SOURCE DATA:
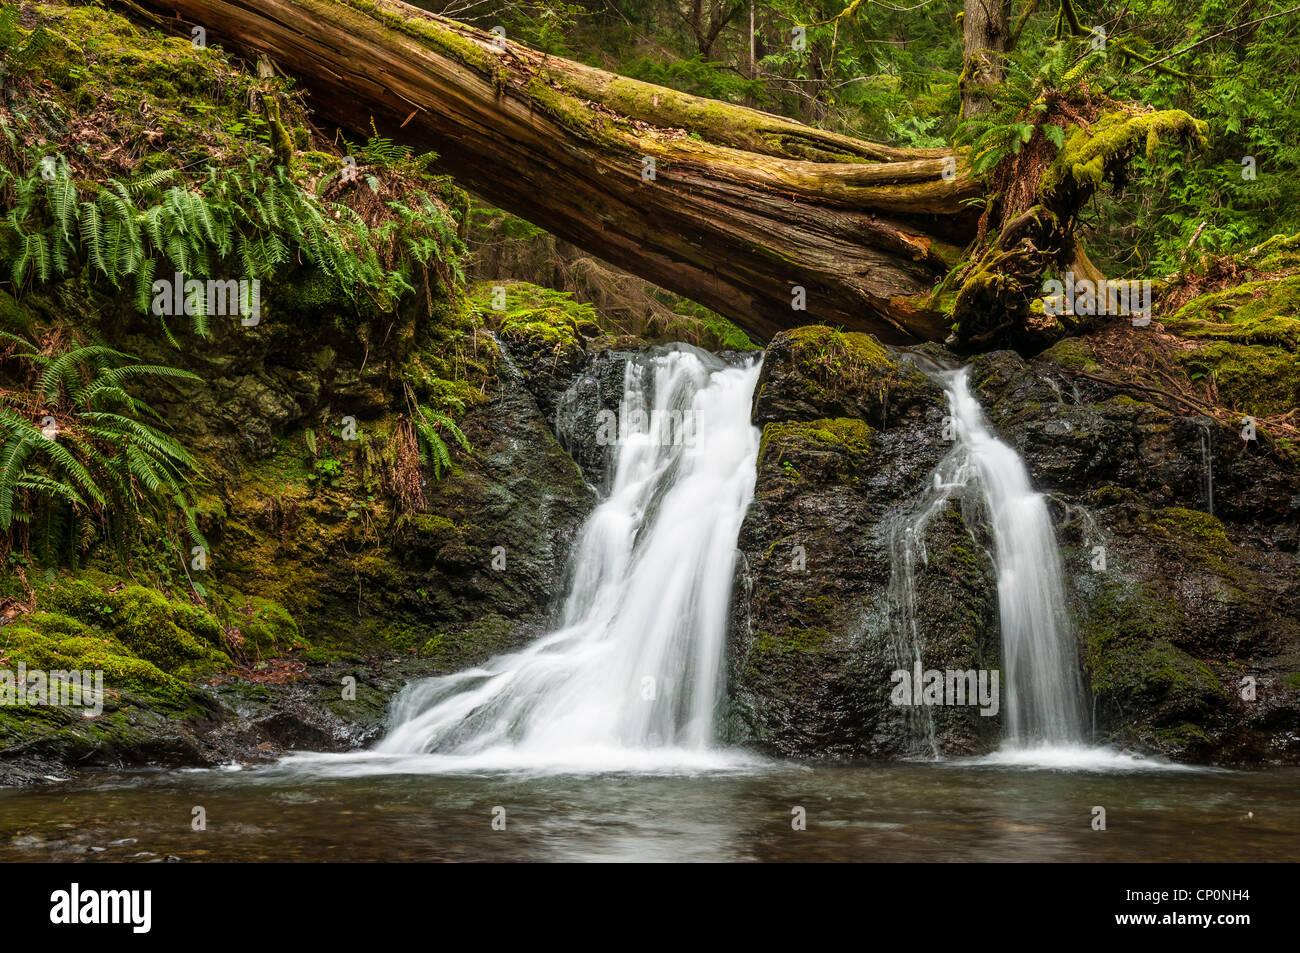 Rustic Falls, Moran State Park, Orcas Island; San Juan Islands, Washington. - Stock Image
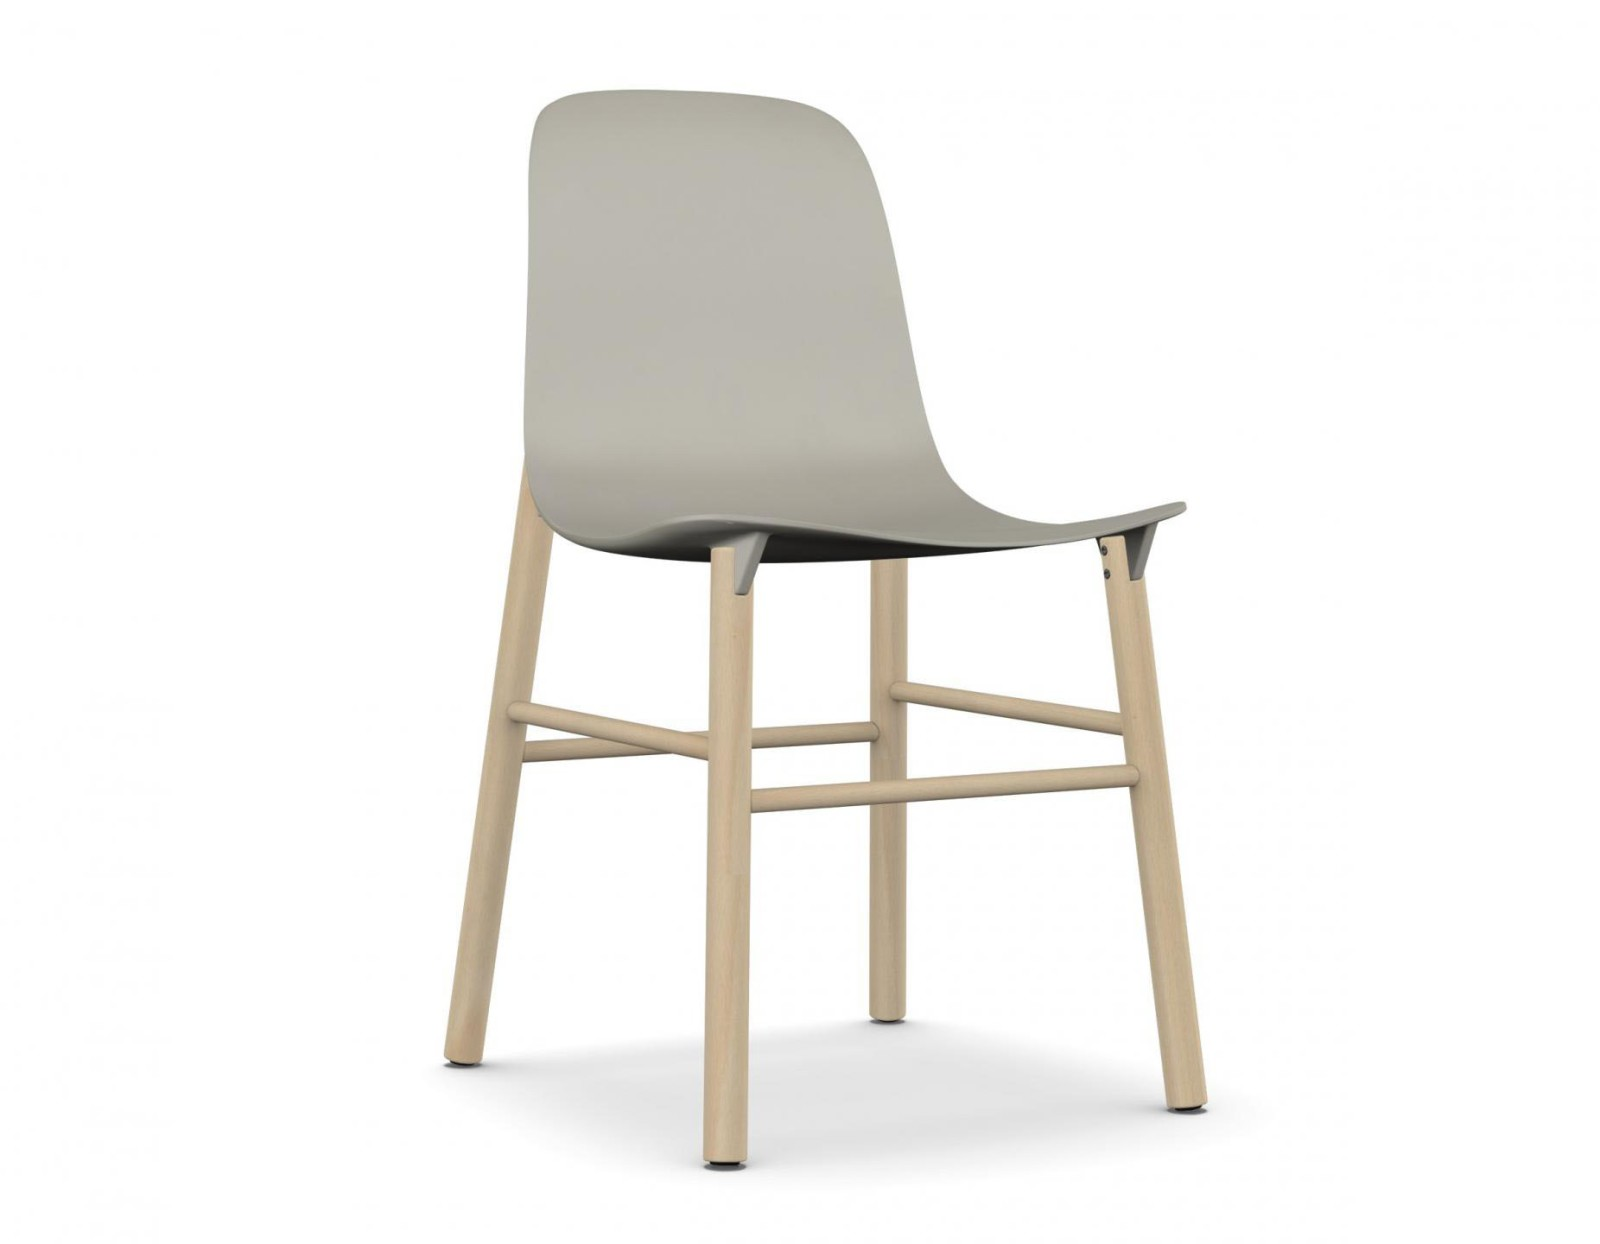 Sharky Wood base - Polyurethane seat Beige, Beech
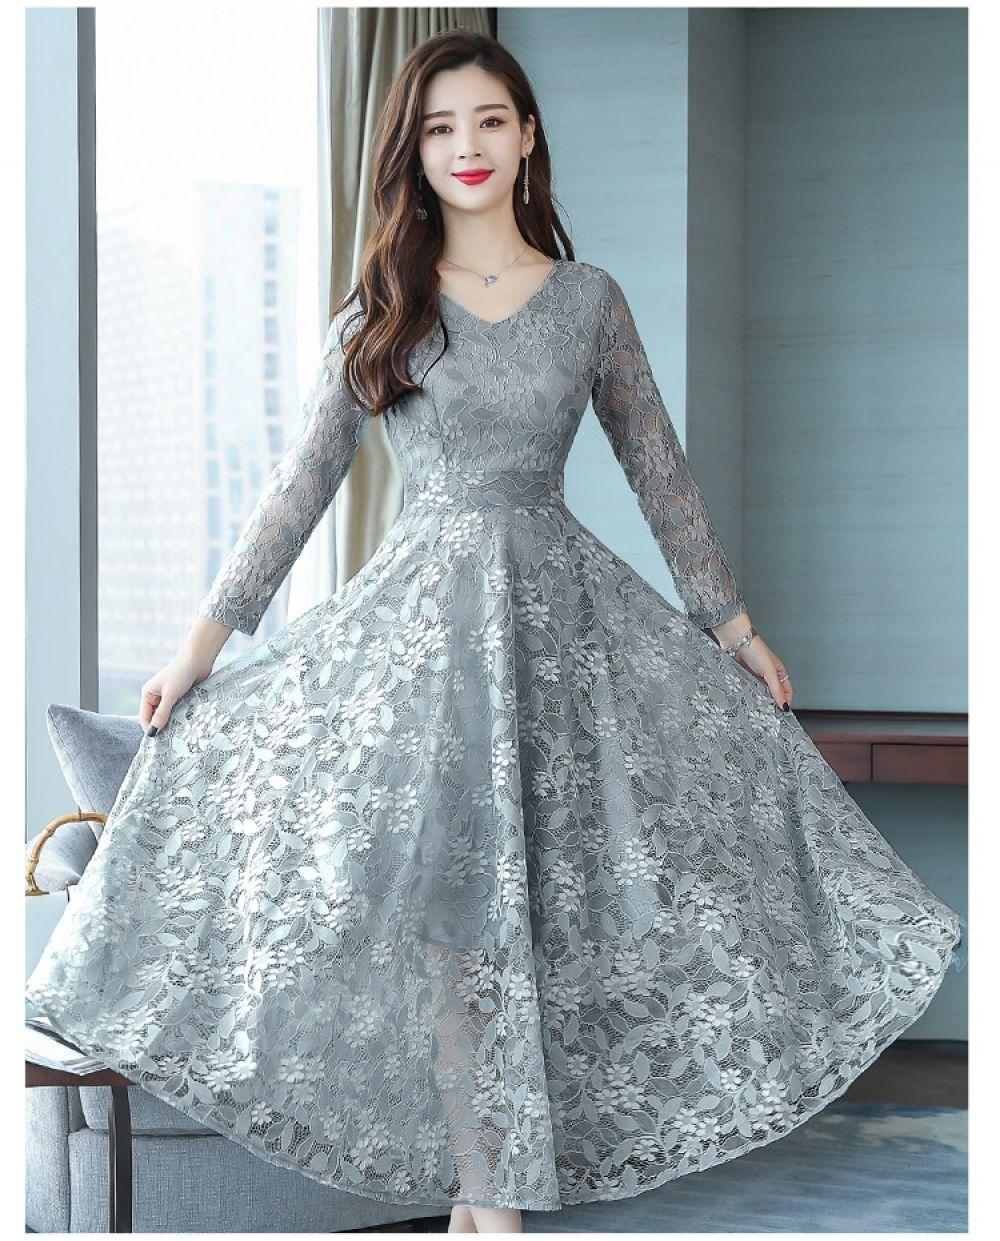 Autumn Fashion Romantic Lace Pink Female Dress The 2018 New Style V-neck  Designs Elegant 71e0fb0ab536

ACTIVITY:
Write out exactly the lines beginning with the line that holds "Sharky Wood base" and ending with the final line of the data, both ends included, without the pictures.

SOLVED PROBLEM:
 Sharky Wood base - Polyurethane seat Beige, Beech
 Autumn Fashion Romantic Lace Pink Female Dress The 2018 New Style V-neck  Designs Elegant 71e0fb0ab536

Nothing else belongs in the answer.